What the task requires
Identify the line in which "Baumwollsatin-Kissenbezüge Fiori mit" appears, then reproduce that line and all remaining lines of the records word for word.

The data
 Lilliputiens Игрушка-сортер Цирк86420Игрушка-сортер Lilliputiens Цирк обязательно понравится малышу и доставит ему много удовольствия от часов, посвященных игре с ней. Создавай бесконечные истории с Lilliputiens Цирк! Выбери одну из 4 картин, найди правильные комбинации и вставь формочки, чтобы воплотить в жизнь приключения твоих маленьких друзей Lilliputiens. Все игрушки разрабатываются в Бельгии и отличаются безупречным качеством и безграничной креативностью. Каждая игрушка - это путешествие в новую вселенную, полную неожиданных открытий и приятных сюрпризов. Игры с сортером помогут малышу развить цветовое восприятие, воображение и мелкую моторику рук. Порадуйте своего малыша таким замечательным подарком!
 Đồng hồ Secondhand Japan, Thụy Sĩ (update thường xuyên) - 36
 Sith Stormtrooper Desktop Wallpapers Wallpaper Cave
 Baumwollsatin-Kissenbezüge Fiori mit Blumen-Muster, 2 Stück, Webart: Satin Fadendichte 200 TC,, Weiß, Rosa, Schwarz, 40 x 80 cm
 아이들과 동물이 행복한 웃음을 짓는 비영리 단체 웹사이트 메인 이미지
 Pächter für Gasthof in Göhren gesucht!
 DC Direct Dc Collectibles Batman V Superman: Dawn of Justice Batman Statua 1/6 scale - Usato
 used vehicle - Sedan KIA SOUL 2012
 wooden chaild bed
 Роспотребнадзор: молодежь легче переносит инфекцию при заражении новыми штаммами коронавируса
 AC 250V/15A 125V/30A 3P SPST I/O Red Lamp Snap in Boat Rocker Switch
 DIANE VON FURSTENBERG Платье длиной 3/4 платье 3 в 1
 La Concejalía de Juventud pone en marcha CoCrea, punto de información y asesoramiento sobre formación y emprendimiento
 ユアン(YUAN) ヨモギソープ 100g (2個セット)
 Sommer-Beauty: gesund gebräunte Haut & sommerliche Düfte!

Exercise output
 Baumwollsatin-Kissenbezüge Fiori mit Blumen-Muster, 2 Stück, Webart: Satin Fadendichte 200 TC,, Weiß, Rosa, Schwarz, 40 x 80 cm
 아이들과 동물이 행복한 웃음을 짓는 비영리 단체 웹사이트 메인 이미지
 Pächter für Gasthof in Göhren gesucht!
 DC Direct Dc Collectibles Batman V Superman: Dawn of Justice Batman Statua 1/6 scale - Usato
 used vehicle - Sedan KIA SOUL 2012
 wooden chaild bed
 Роспотребнадзор: молодежь легче переносит инфекцию при заражении новыми штаммами коронавируса
 AC 250V/15A 125V/30A 3P SPST I/O Red Lamp Snap in Boat Rocker Switch
 DIANE VON FURSTENBERG Платье длиной 3/4 платье 3 в 1
 La Concejalía de Juventud pone en marcha CoCrea, punto de información y asesoramiento sobre formación y emprendimiento
 ユアン(YUAN) ヨモギソープ 100g (2個セット)
 Sommer-Beauty: gesund gebräunte Haut & sommerliche Düfte!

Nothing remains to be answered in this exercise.